ClickHouse’s new integration with Microsoft OneLake delivers a direct bridge between two fast-moving pieces of the modern data stack: the high‑performance, real‑time analytics engine ClickHouse and Microsoft Fabric’s tenant‑wide logical lake, OneLake. Announced in mid‑November 2025, the integration lets ClickHouse discover and query Iceberg tables surfaced by OneLake’s Table APIs, enabling low‑latency, high‑concurrency analytics on data that remains governed and cataloged inside OneLake. This is a significant step for organizations pursuing a lakehouse architecture that demands both open‑format interoperability and real‑time performance.

Background / Overview

Enterprises are standardizing on lakehouse patterns—storing data in open formats (Apache Iceberg, Delta Lake, Parquet) inside a single, governed surface while letting best‑of‑breed engines operate on that same data. Microsoft’s OneLake is explicitly designed to be this tenant‑wide, logical lake with format virtualization, shortcuts, mirroring, and Table APIs that expose table metadata and make in‑place reads possible for external engines. ClickHouse’s announcement leverages OneLake’s Iceberg REST catalog endpoint so ClickHouse can discover Iceberg metadata and push queries down to data kept inside OneLake. These technical building blocks are now available in preview / beta across the vendors’ stacks. ClickHouse frames the integration as part of broader interoperability with Microsoft: ClickHouse Cloud is available on Azure, and the vendor has worked to improve ClickHouse performance on Azure Blob Storage and to make cloud onboarding smoother. Microsoft’s OneLake Table APIs themselves are still flagged as preview features and include explicit limitations (metadata read operations first; write/metadata write operations are staged for future releases), which shapes how organizations should plan adoption. Both vendors are clear that the initial release is focused on read/query interoperability and that write‑back and full metadata write operations are on the roadmap.
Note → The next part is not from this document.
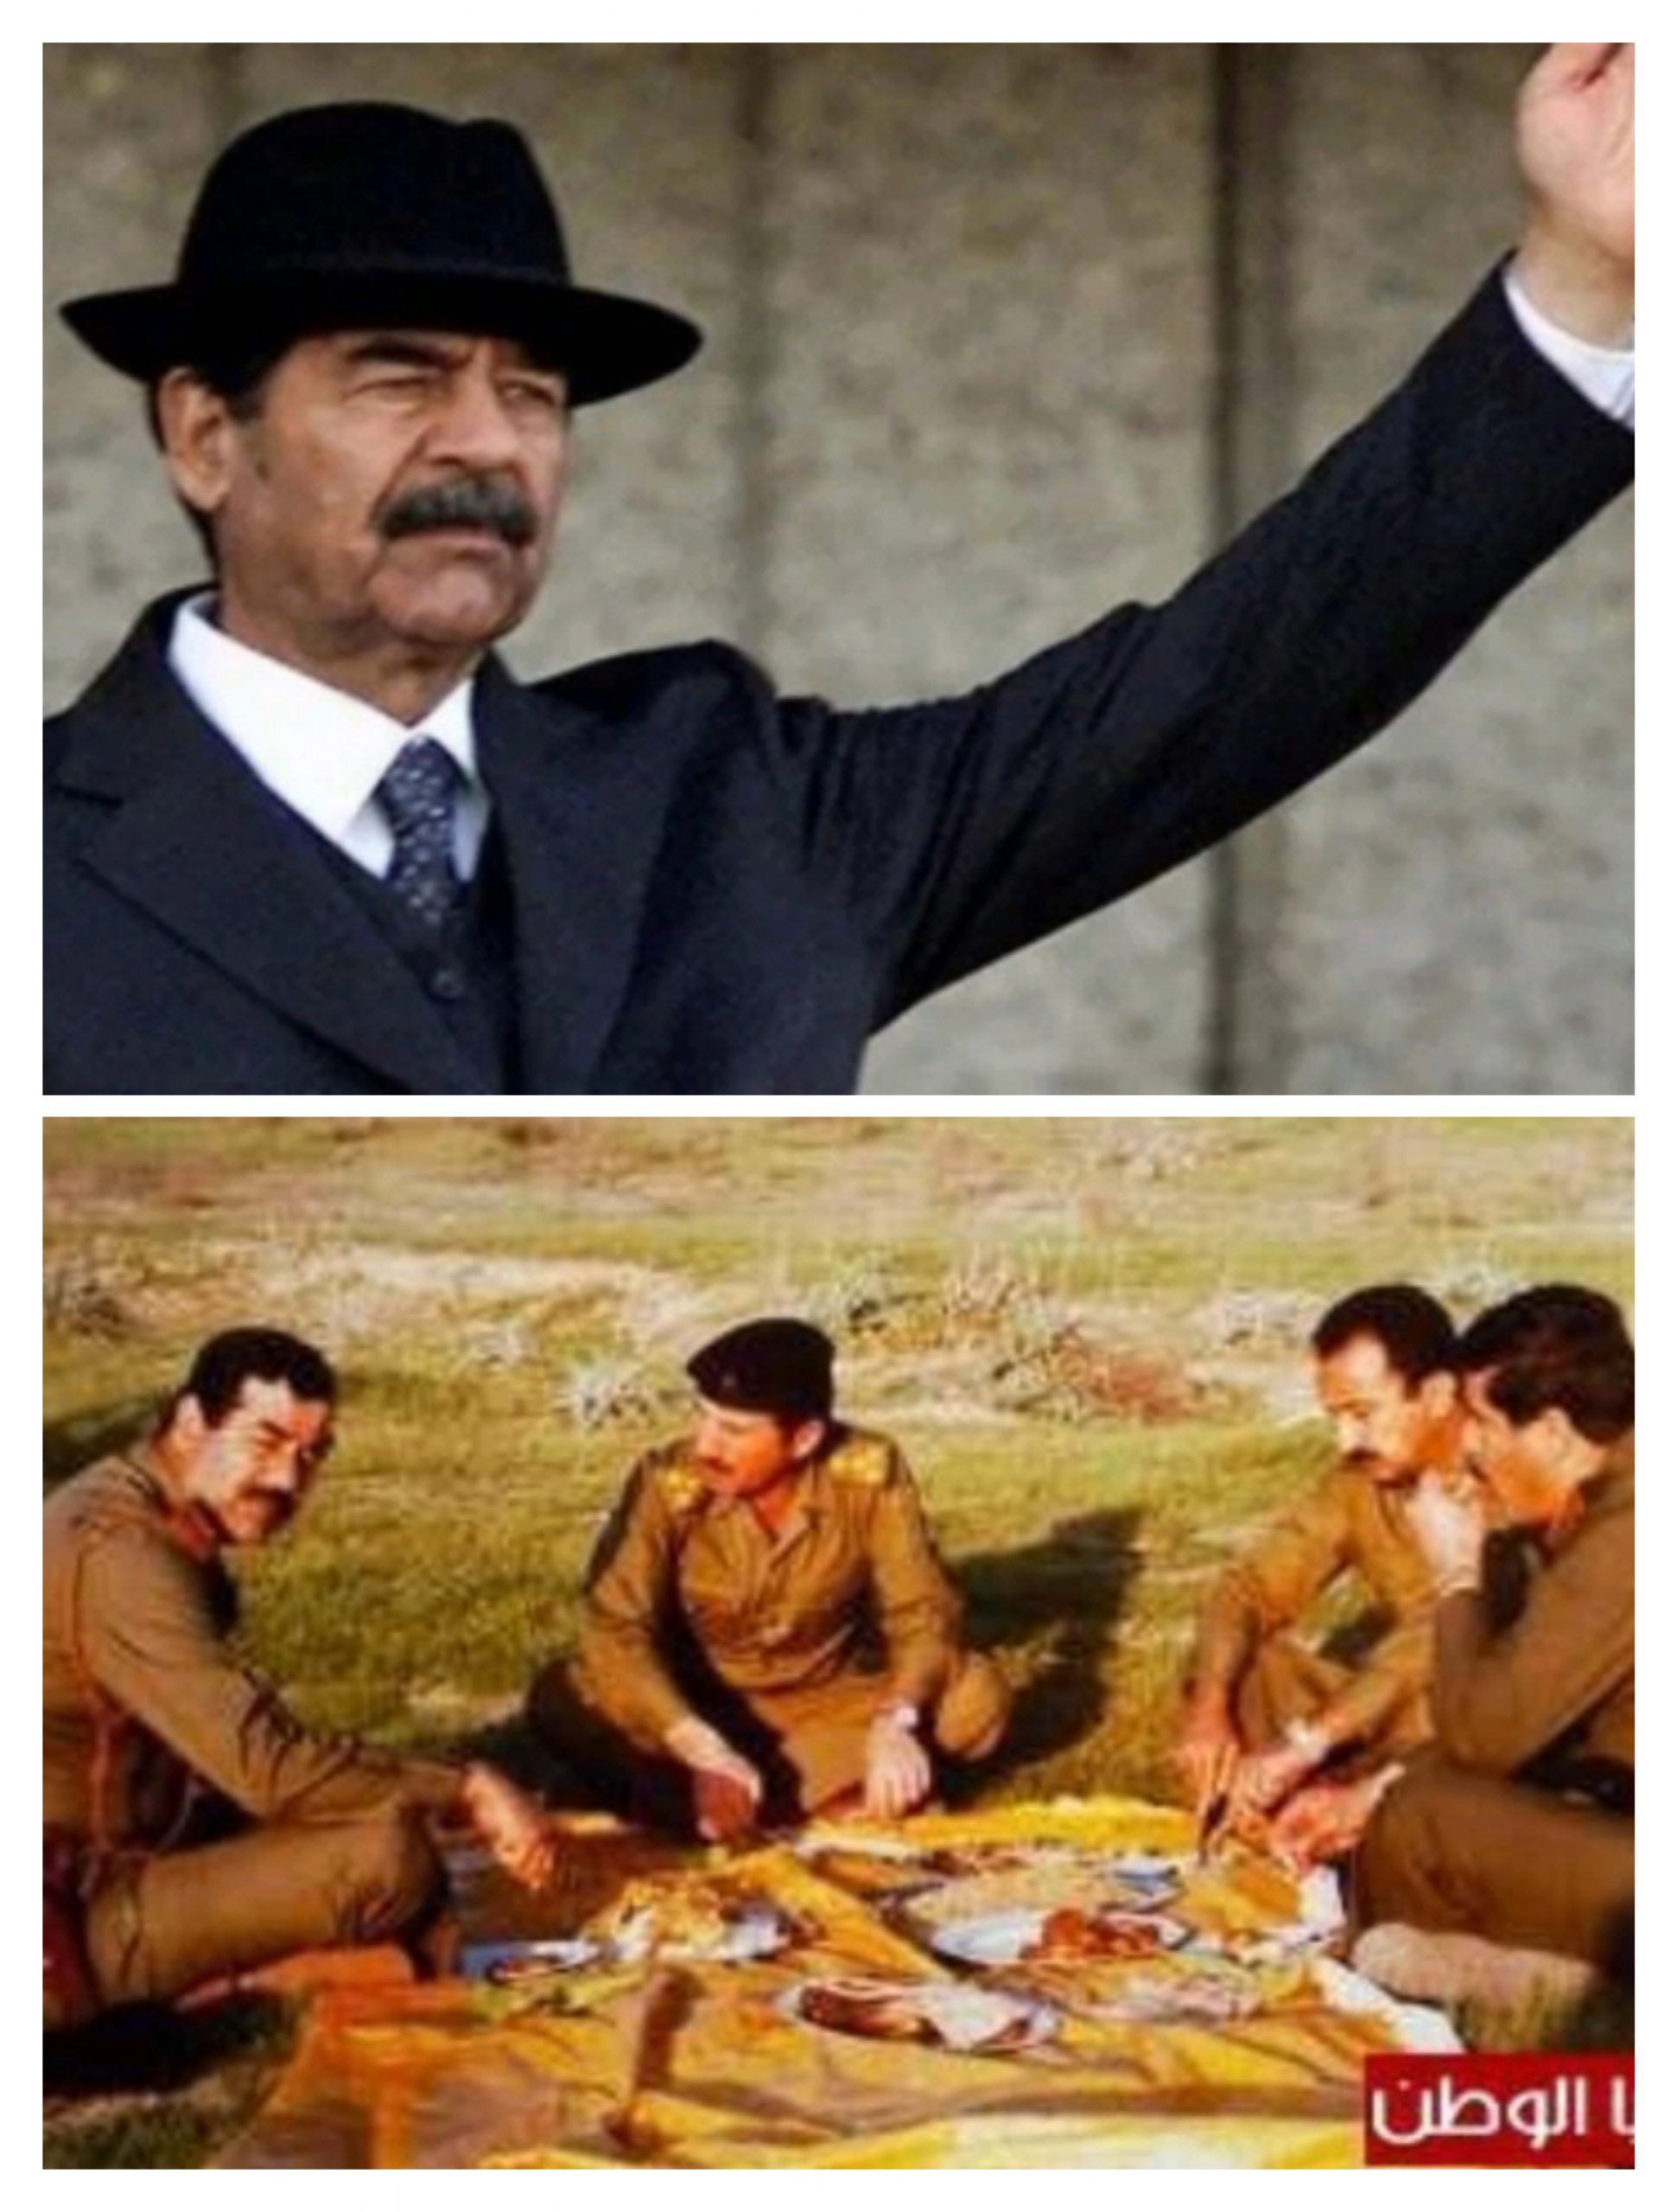 The story of Saddam Hussein.

What was announced — the essentials

ClickHouse now supports direct querying of Apache Iceberg tables exposed by Microsoft OneLake’s Table APIs. This capability began shipping as a beta feature in ClickHouse’s November release (25.11) and is being rolled into ClickHouse Cloud shortly after.
The integration uses OneLake’s Iceberg REST catalog endpoint to discover namespaces and tables and to obtain metadata needed by ClickHouse to execute reads against the underlying Parquet files. Authentication is handled via Microsoft Entra ID tokens (formerly Azure AD).
Microsoft’s OneLake supports format virtualization between Delta Lake and Apache Iceberg formats; OneLake will expose virtualized metadata so consumers using Iceberg readers (like this ClickHouse integration) can read tables that may have been written in Delta format. The OneLake APIs are currently in preview and have documented limitations regarding metadata writes.
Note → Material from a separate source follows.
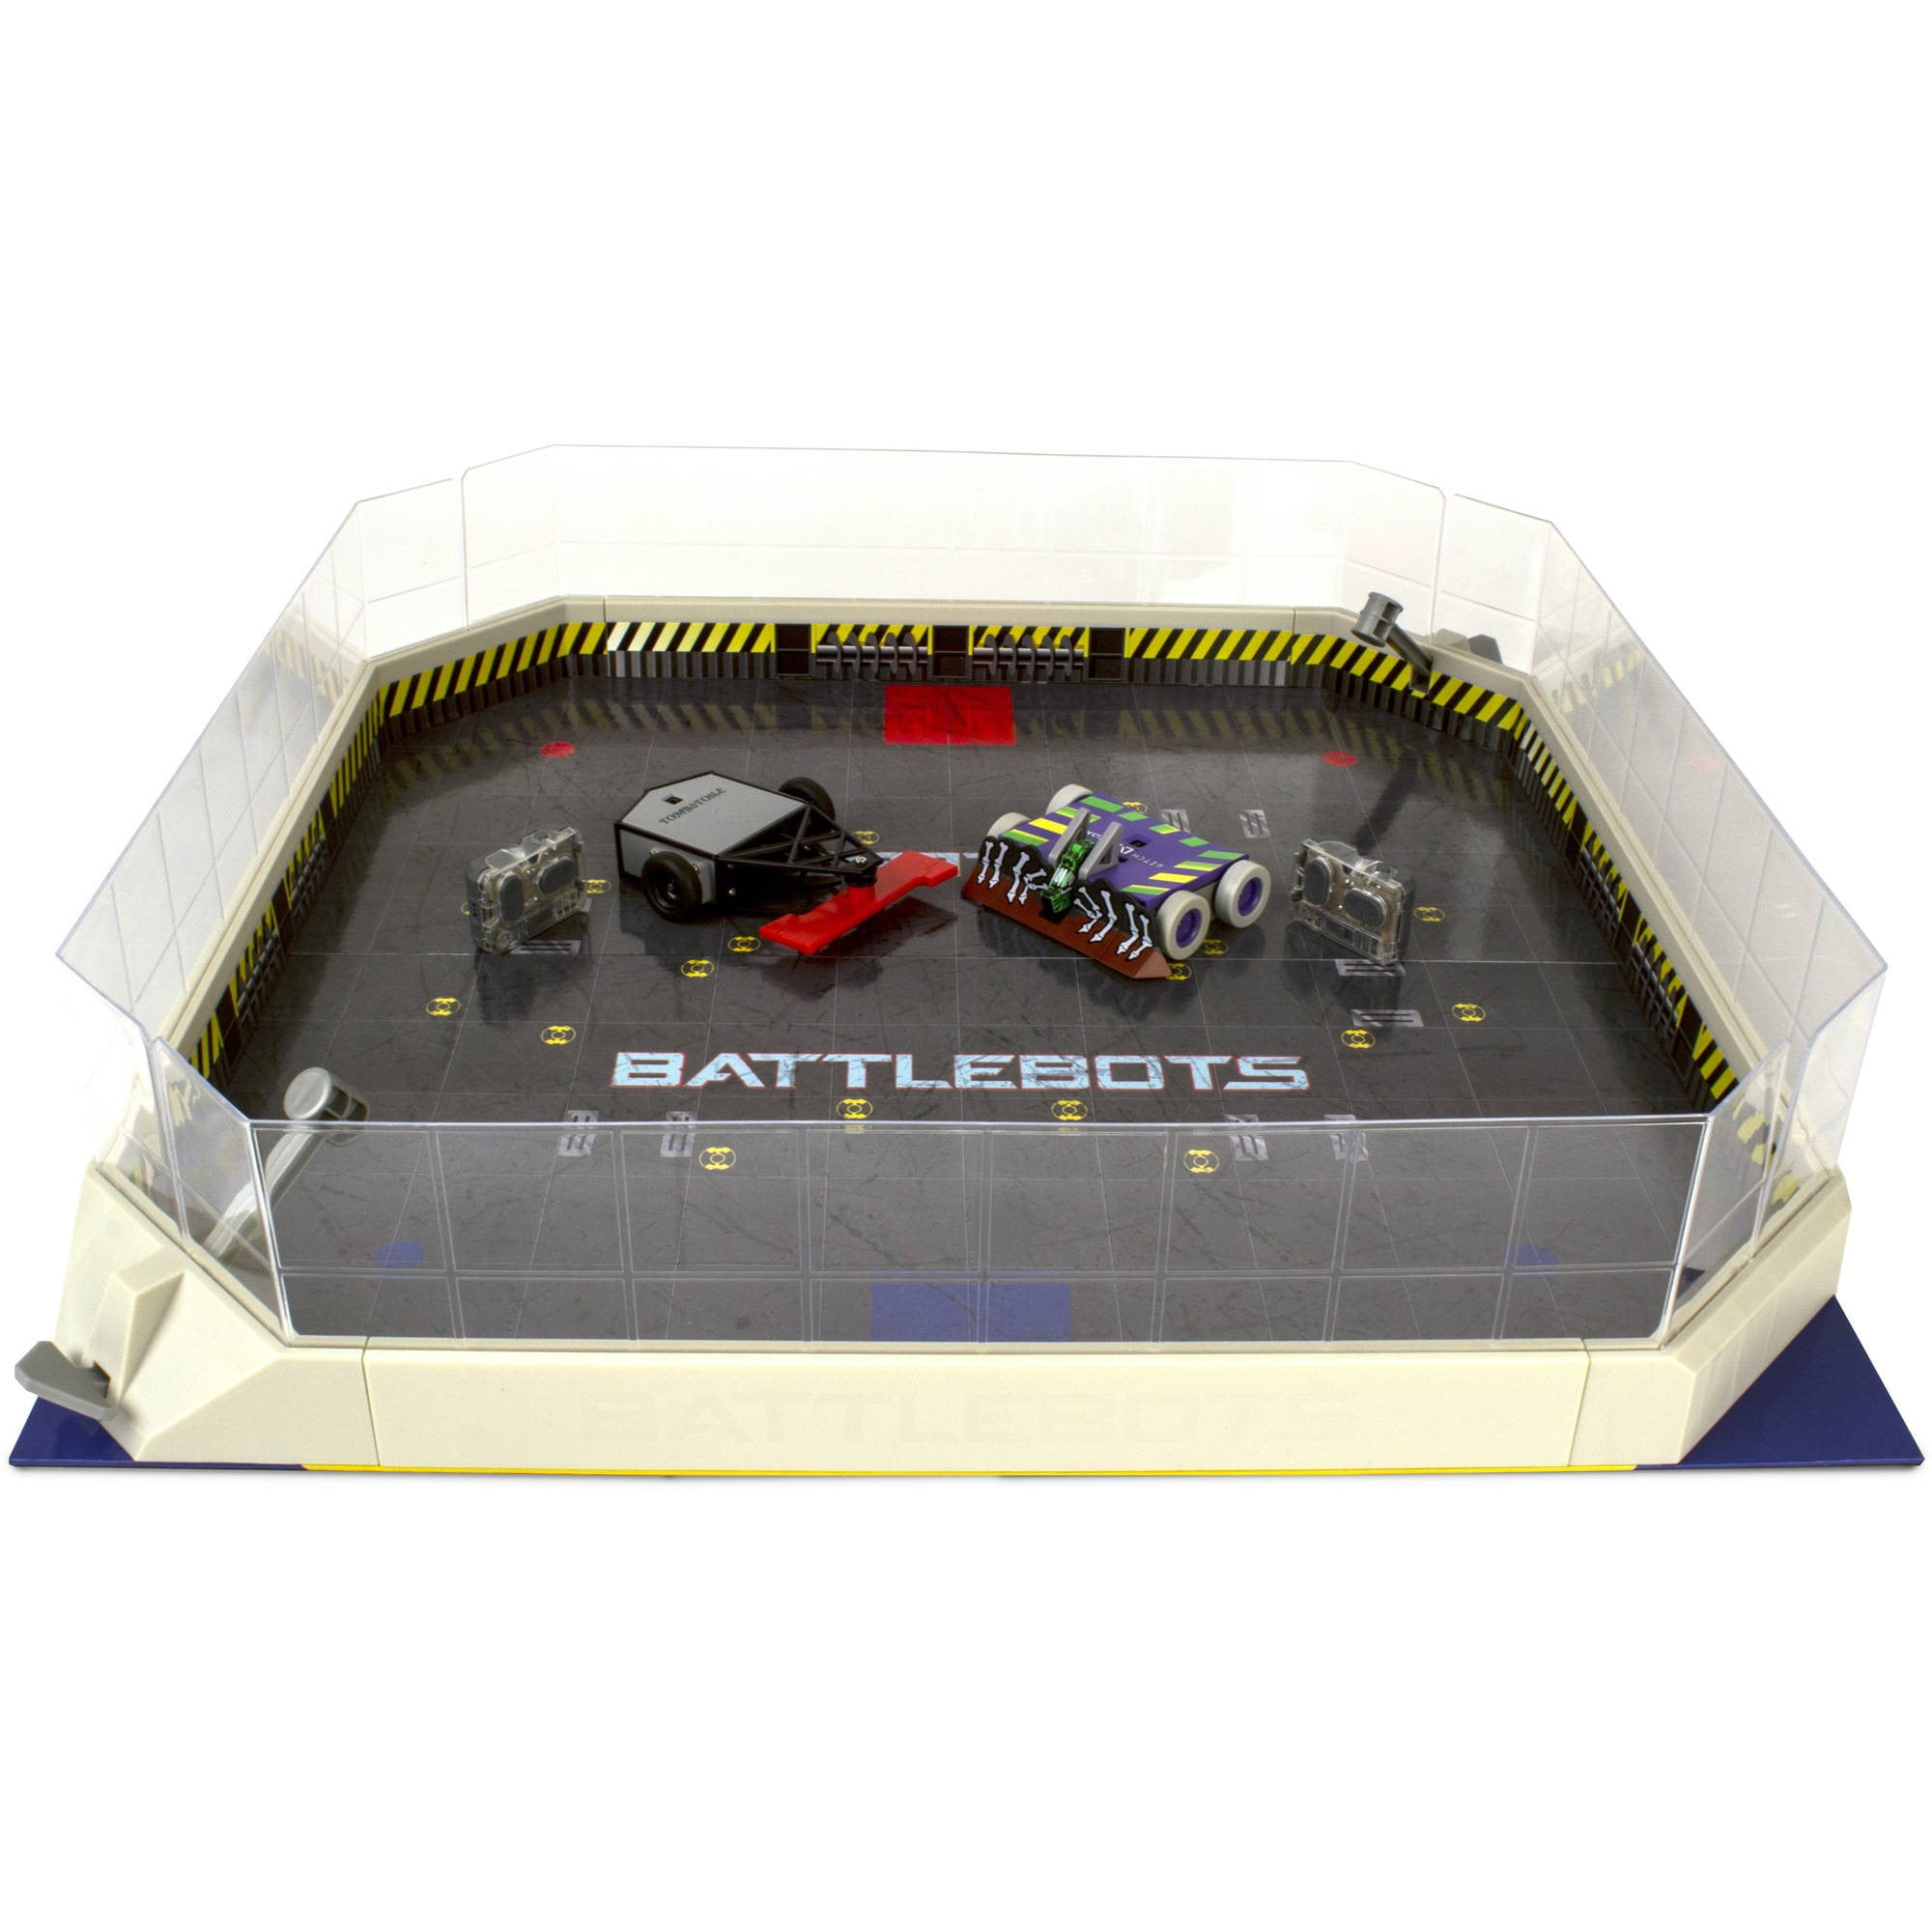 Hexbug Battlebots Arena Playset

These are the load‑bearing technical claims: ClickHouse’s ability to discover Iceberg metadata in OneLake, OneLake’s REST catalog endpoint and format virtualization, and the security model using Microsoft Entra ID. All three are described in vendor documentation and product posts.

Why this matters: practical value for data teams

1. Reduced data movement, retained governance

OneLake’s design goal is to let many engines query the same underlying files without duplicating data. By enabling ClickHouse to query those tables directly, organizations can avoid ETL or rehydration steps for workloads that need real‑time insight on governed, cataloged data. This reduces copy sprawl and simplifies governance because the authoritative metadata and lineage remain in OneLake rather than being dispersed across engine‑specific silos.

2. Real‑time analytics and operational dashboards

ClickHouse’s engine is optimized for low‑latency analytical queries at very high concurrency. When combined with OneLake as the single lakehouse, this enables new operational workloads such as high‑frequency analytics, live dashboards, observability pipelines, and agent‑facing analytics where AI agents or copilots require fast, deterministic answers against large datasets. ClickHouse and Microsoft both highlight use cases like observability, fraud detection, and real‑time telemetry analytics as primary beneficiaries.

3. Open formats and ecosystem flexibility

By relying on Iceberg/Delta and Parquet, the integration preserves portability: teams can continue to use Spark, Databricks, Fabric workloads, or ClickHouse against the same data. This reduces lock‑in and supports mixed‑engine architectures where the “right tool for the job” can be selected for each workload. The integration explicitly leans on OneLake’s virtualization layer so a table written as Delta in Fabric can still be read by Iceberg clients.

How the integration works — technical snapshot

Discovery and catalog access

OneLake exposes an Iceberg REST Catalog endpoint at https://onelake.table.fabric.microsoft.com/iceberg. ClickHouse connects to that endpoint as a catalog, enumerates namespaces and tables, and reads table metadata (partitions, manifests, file lists) to plan queries. The OneLake Table APIs provide the set of GET operations ClickHouse needs to drive discovery and reads.

Query path and security

ClickHouse creates a DataLake catalog configuration that points to the OneLake Iceberg catalog. ClickHouse then issues SQL queries as it normally would; the ClickHouse engine resolves the table metadata via the catalog and performs reads against the Parquet/manifest files referenced by OneLake metadata. Authentication is delegated through Microsoft Entra ID tokens—service principals or workspace permissions—so access control remains centralized in OneLake/Fabric. The ClickHouse team published example DDL and connection settings in their technical post and in the 25.11 documentation.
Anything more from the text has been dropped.